▶ _Exercise directions_:
Once the line with "Tarek El Moussa" is found, repeat it and all later lines exactly through the end of the listing below, with the pictures left out.

▶ _Input data_:

--- START ---

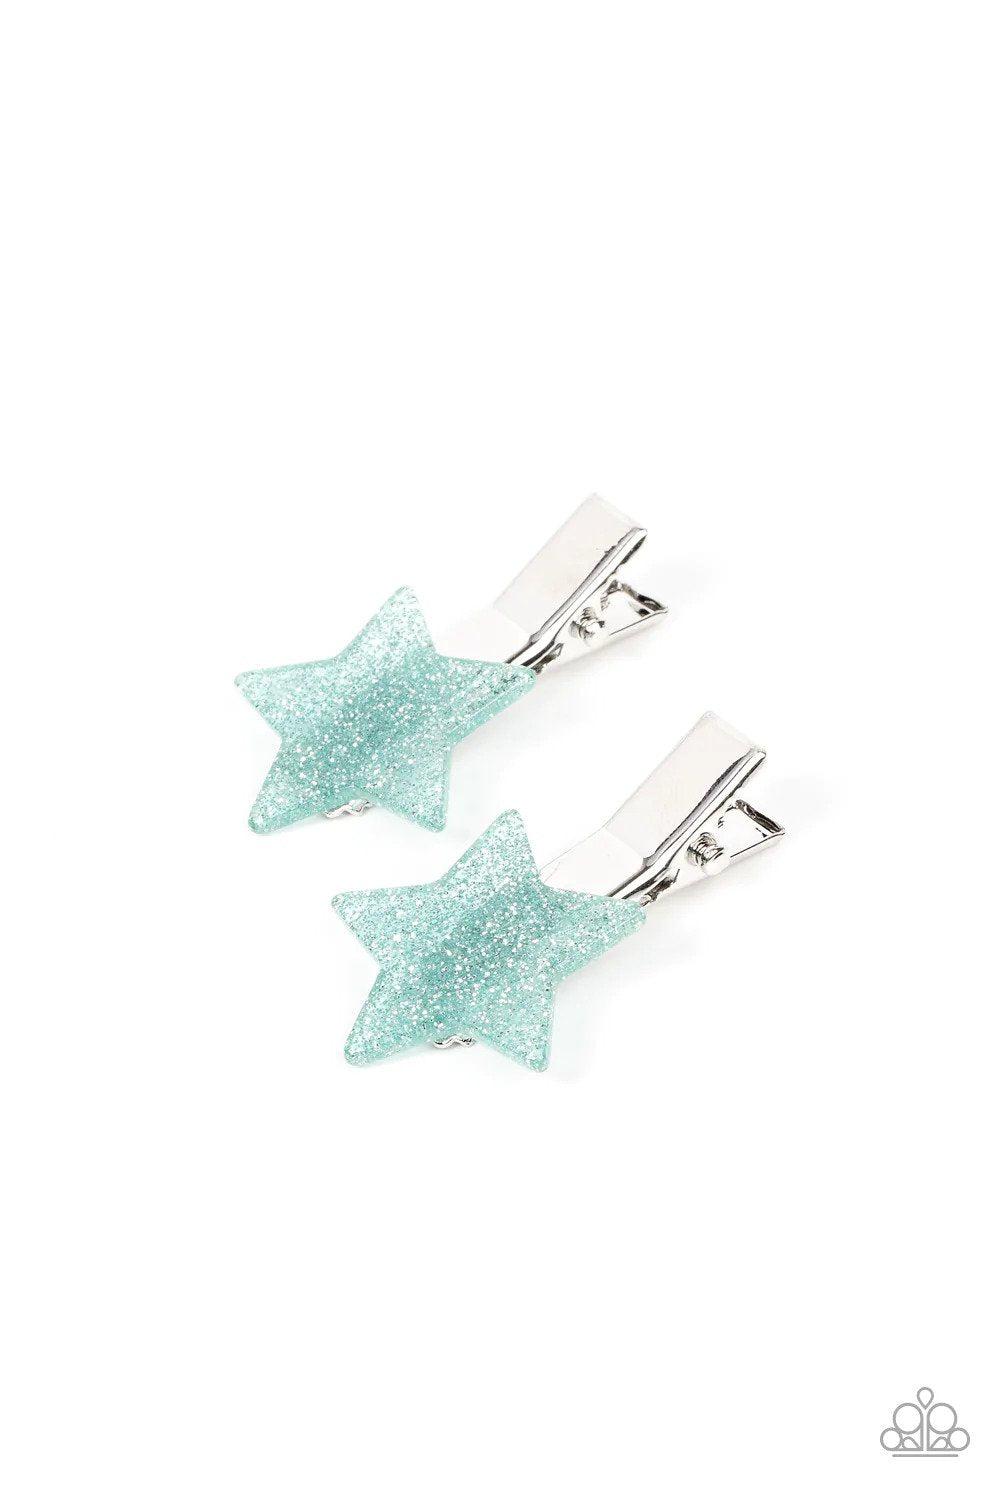 Sparkly Star Chart Blue Glitter Hair Clip - Paparazzi Accessories- lightbox - CarasShop.com - $5 Jewelry by Cara Jewels
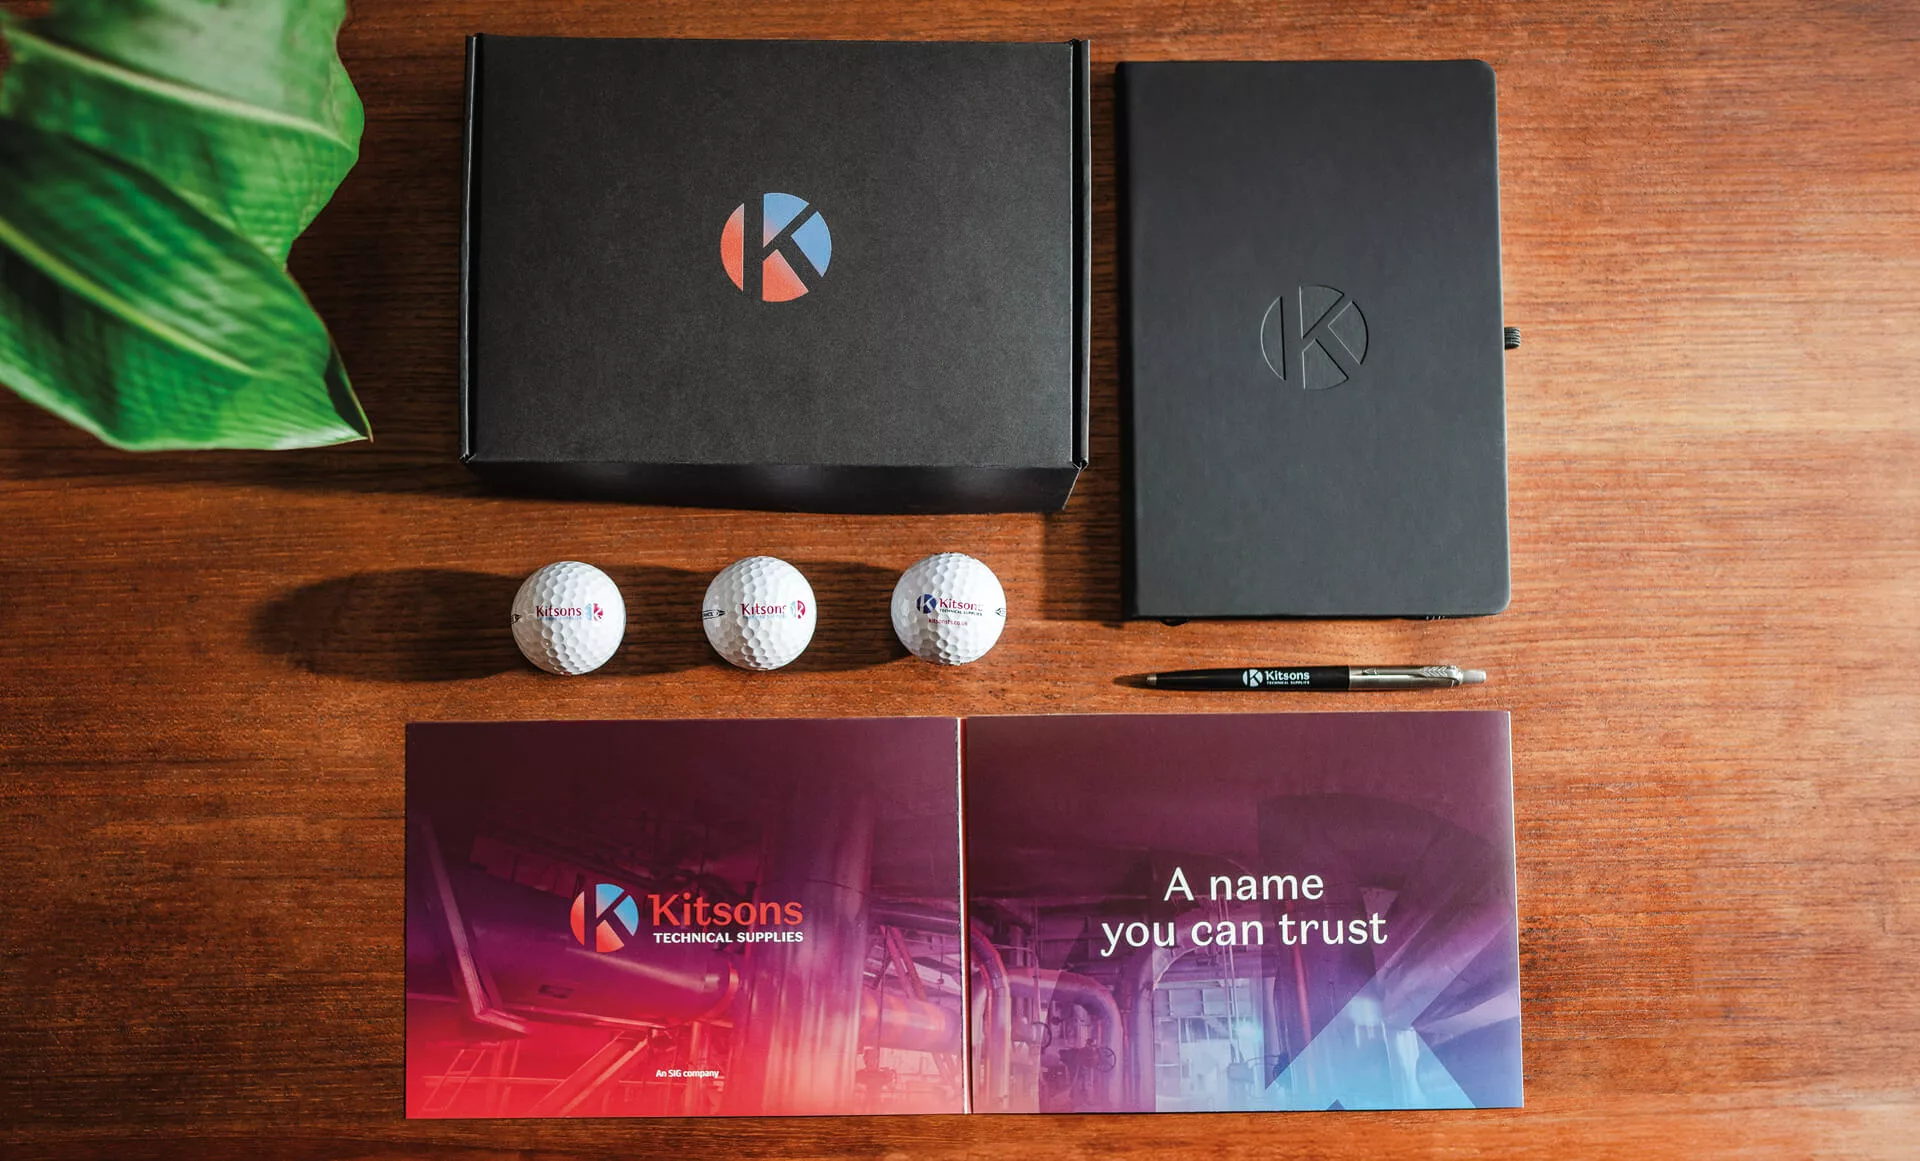 The contents of a box created for key customers of Kitsons
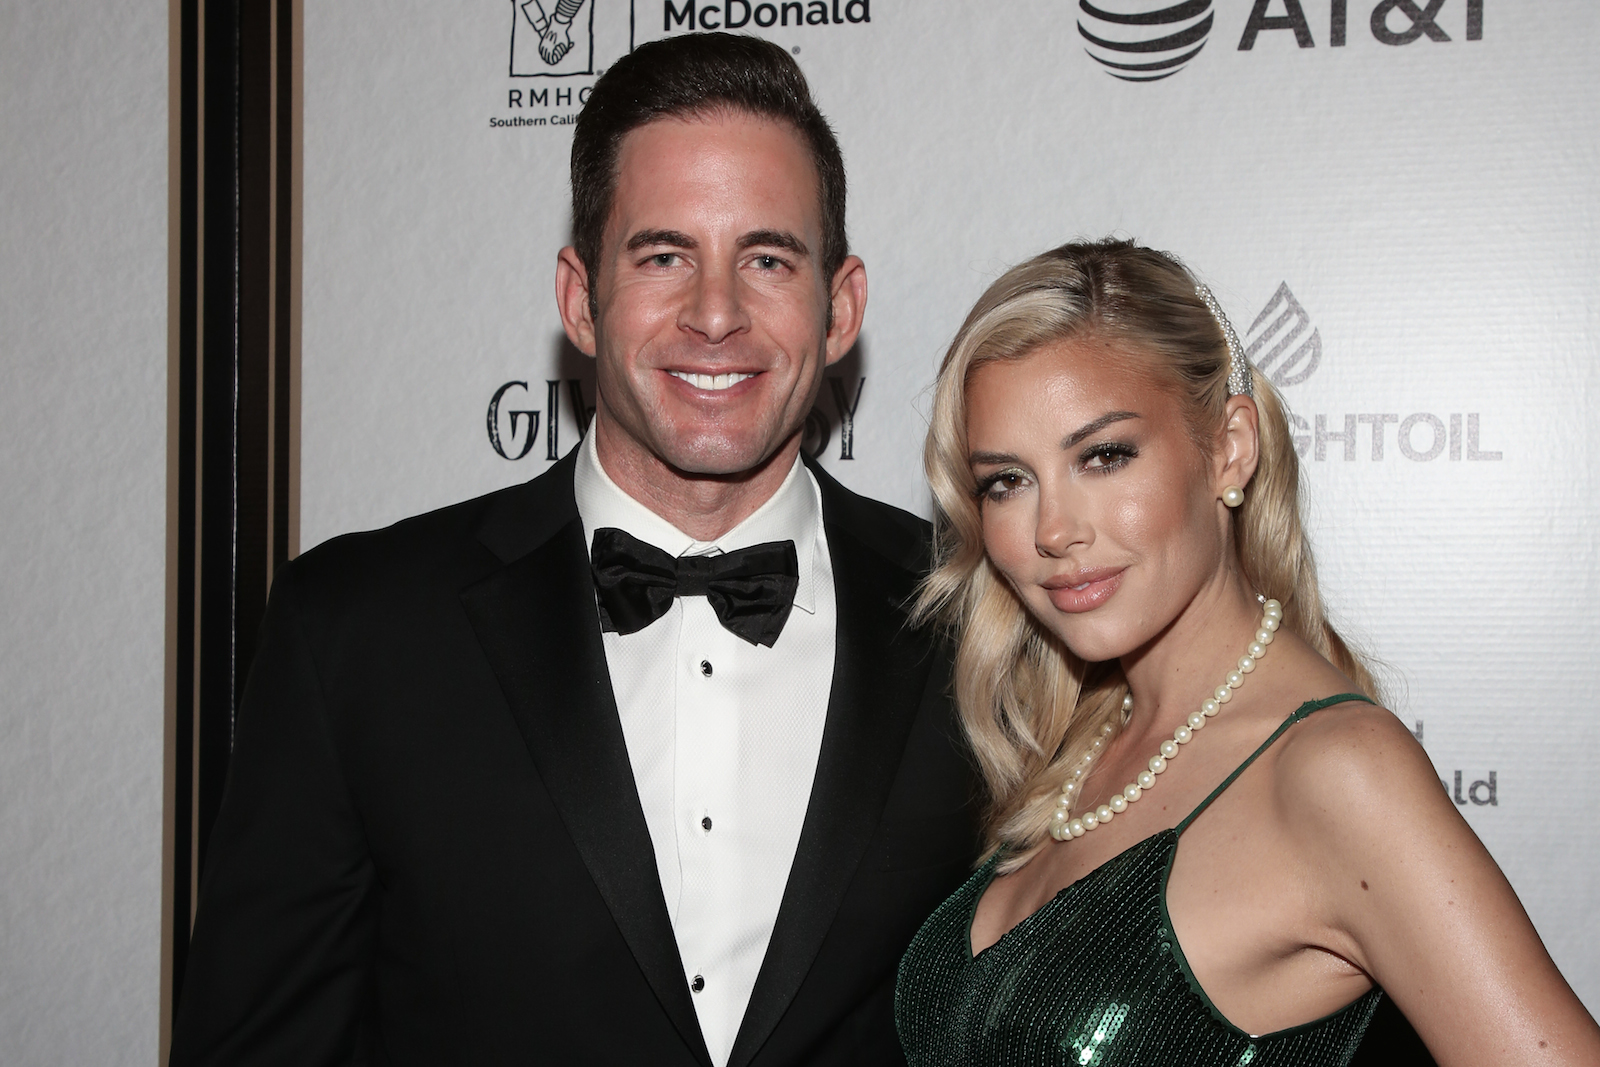 Tarek El Moussa from 'Flip or Flop' in a tuxedo and Heather Rae Young from 'Selling Sunset' in a green sequin dress standing together and smiling at an event. El Moussa and Young might both appear on 'Selling Sunset' Season 4
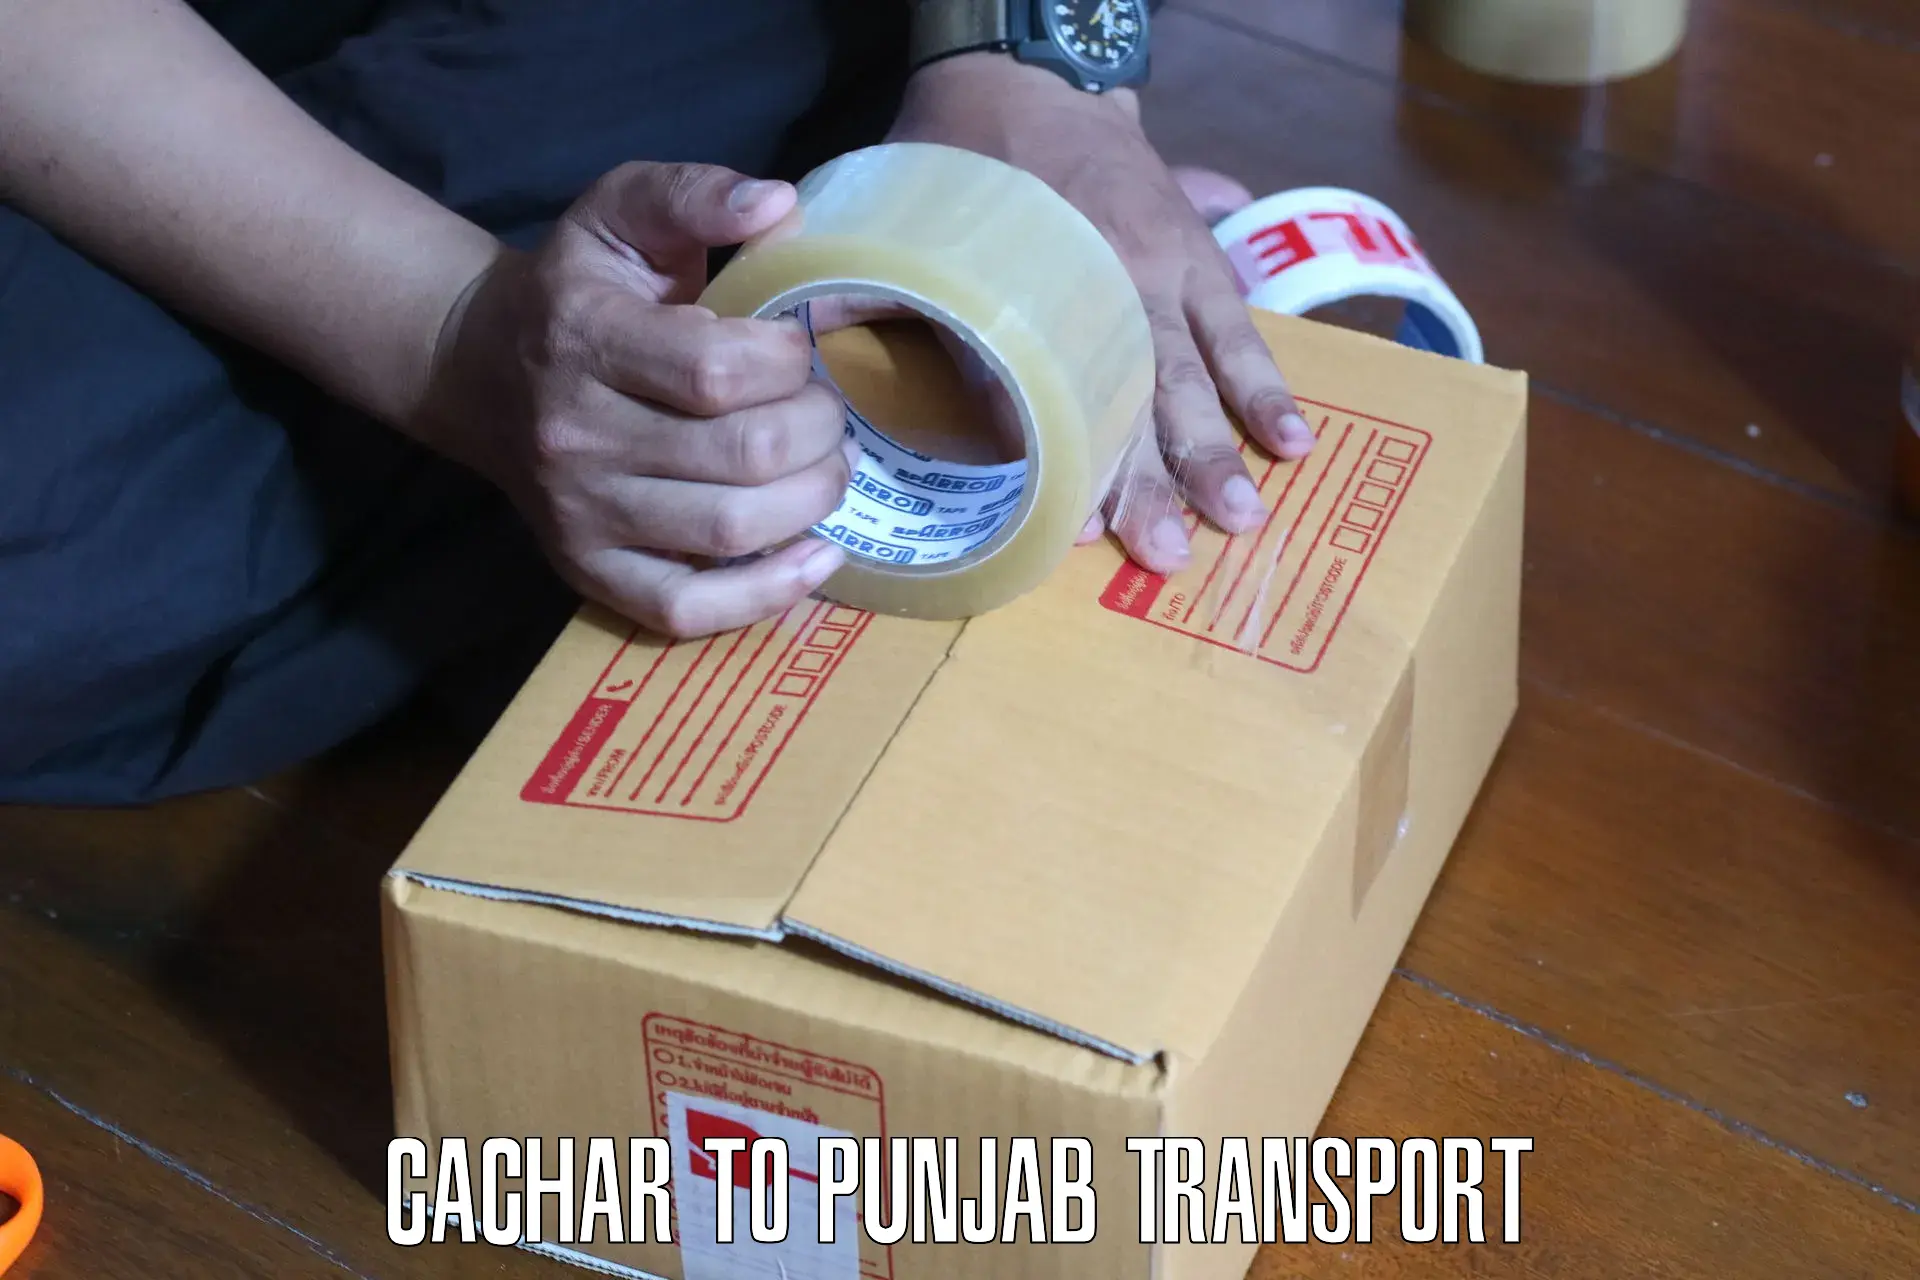 Container transport service Cachar to Jalandhar

--- END ---

▶ _Task output_:
 Tarek El Moussa from 'Flip or Flop' in a tuxedo and Heather Rae Young from 'Selling Sunset' in a green sequin dress standing together and smiling at an event. El Moussa and Young might both appear on 'Selling Sunset' Season 4
 Container transport service Cachar to Jalandhar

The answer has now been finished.